Так как гипоталамус располагается ниже коры, эволюционно самой новой части мозга, к нему относились с некоторым пренебрежением. Я называю это кортикальным снобизмом: если функция возникла из деятельности в любой другой области, кроме благородной коры мозга, она должна быть примитивной и некоторым образом противоречить познанию. Такой образ мышления породил в психологии долгую дискуссию, которая достигла своего апогея в восьмидесятых годах прошлого века, противопоставляя познание и эмоции и рассматривая их как отдельные антагонистичные системы мышления и мозга.

Вдобавок к уверенности в том, что эмоции не играют никакой роли в мыслящем механизме, которым является человеческий мозг, другим препятствием к изучению эмоций было то, что в ту пору психология только выходила из мрака, видевшего еще господство бихевиоризма – школы, которая подчеркивает внешнее поведение и довольствуется этим, игнорируя все остальное.
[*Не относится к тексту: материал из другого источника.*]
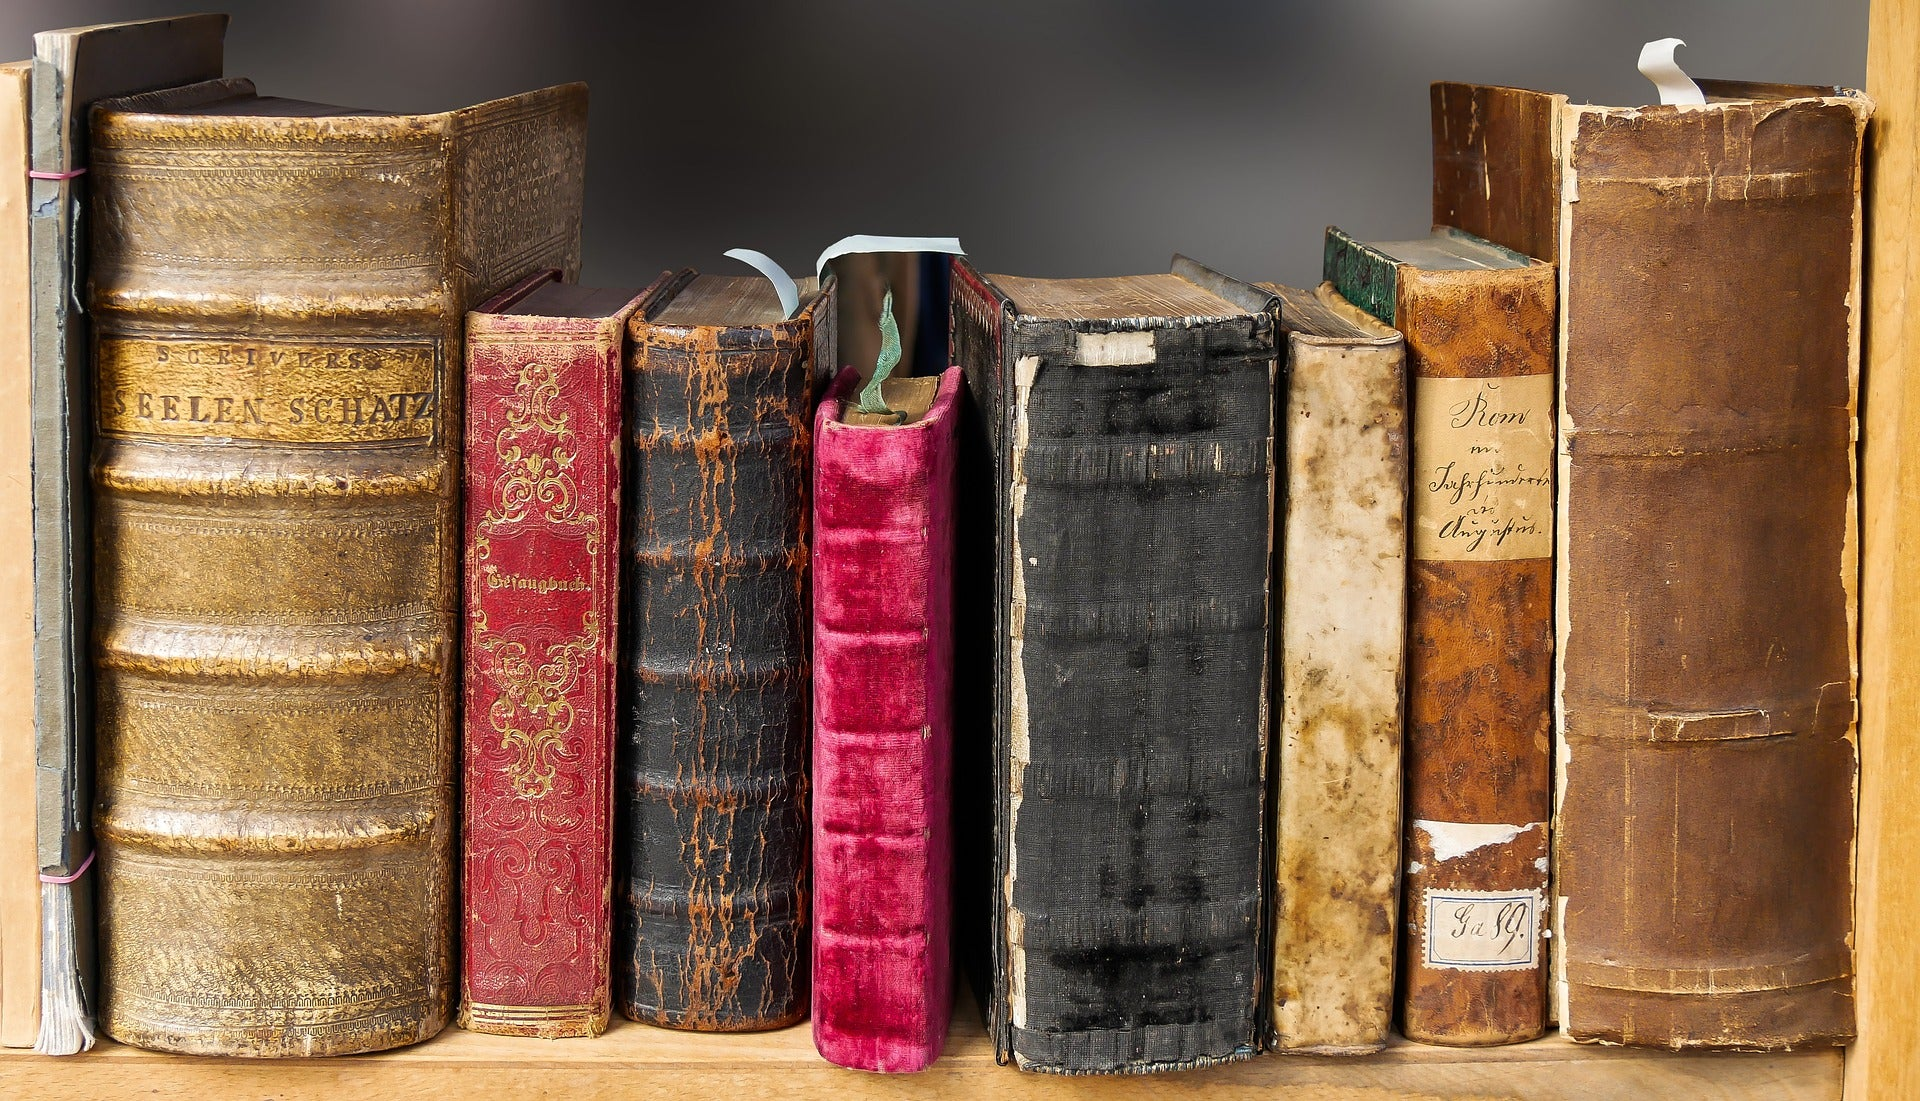 Punta Norte: De un biblioteca oculta durante mil años

Эмоциональное поведение является честной игрой для бихевиористов, но, поскольку эмоции сами по себе идут изнутри, они вызывают подозрение и считаются неподходящими для приличного общества «настоящих» психологических явлений. В результате единственное значительное исследование человеческих эмоций сосредоточено в наблюдениях, которые сделал Чарльз Дарвин в середине XIX века. Хотя он более известен за открытие естественного отбора как движущей силы эволюции, Дарвин также время от времени рассматривал эмоции человека и животных, изучая, в частности, выражения лиц, которые отражают чувства. В 1970-х годах несколько психологов продолжили эту традицию, разбирая выражения лиц на мельчайшие компоненты (насколько это возможно). Они определяли, какие именно мышцы создают сдвинутые брови, улыбку и прочую мимику. Выражение лица было поведением, поддающимся наблюдениям и, следовательно, – тоже честной игрой для бихевиористской парадигмы. Примечательно, однако, что работа над мимикой ничего не говорит о мозге… чья таинственная работа была отвергнута бихевиоризмом как находящаяся вне пределов точных эмпирических изысканий.